What memorable events have you taken part in?
As a sports physician, I’ve treated Olympic athletes from 33 countries, from every continent. It’s always a privilege to watch them excel in their sport. It would be easy to list off historic events that I’ve witnessed, such as being poolside and watching Michael Phelps win each of his eight swimming gold medals in Beijing in 2008, or watching Usain Bolt win his track races in London. But these are not the events that are truly memorable. The privilege of being a sports medicine specialist is in being part of the athletes’ journey to success – witnessing the struggles, helping them overcome and recover both mentally and physically, then ultimately watching them perform at their best.
The truly memorable events for me are watching Lim Heem Wei qualify and compete as the first Singaporean gymnast at an Olympic Games in London in 2012, and watching Singapore Olympic rower Saiyidah Aisyah compete in the 2016 Rio Olympics. Both of these are memorable based on the journeys and adversities they overcame to get to that position. I also remember assessing Joseph Schooling for the first time as a shy 13-year-old and asking him about his goal, then getting the honest reply – “I’m going to be an Olympic champion!” – and seeing it come true.

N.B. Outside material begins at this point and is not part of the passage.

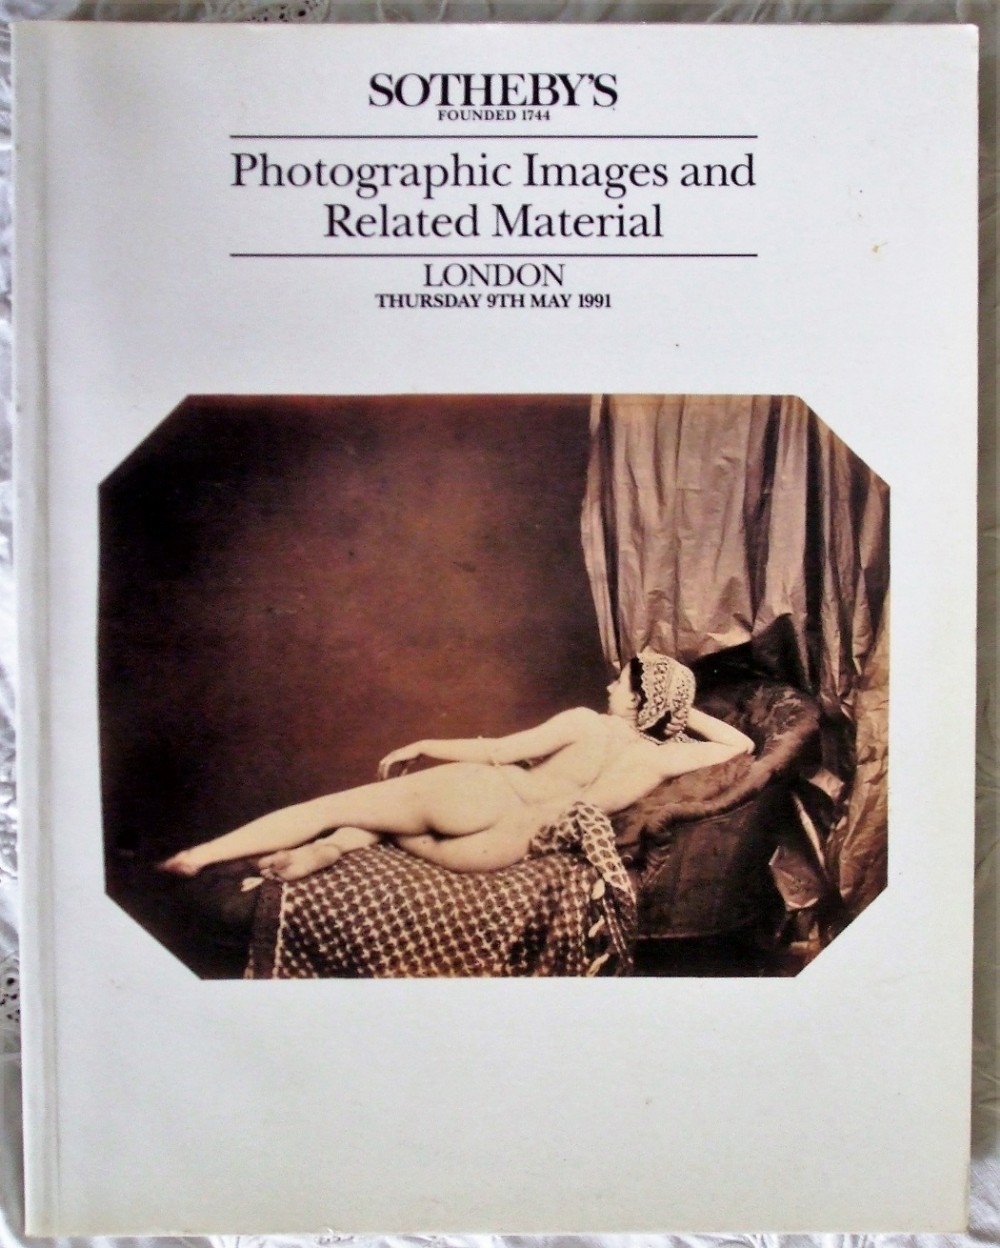 sotheby's photographic images and related material london 09 05 1991

What are the most common types of sports injuries?
It depends on the sport! Overall, ankle sprains and knee injuries are common for most field-based sports, and shoulder and back injuries occur most for overhead sports such as swimming and badminton.
What are your top tips to preventing such injuries?
Adequate strength, movement competency and monitoring of training load. These are simple principles to follow in any prevention programme. In reality, we are fighting a battle between sedentary behaviour in school or at work, with extreme human movement in fast and explosive sporting endeavours. We need to realise that what we do on a daily basis has a knock-on effect on how we perform on the field!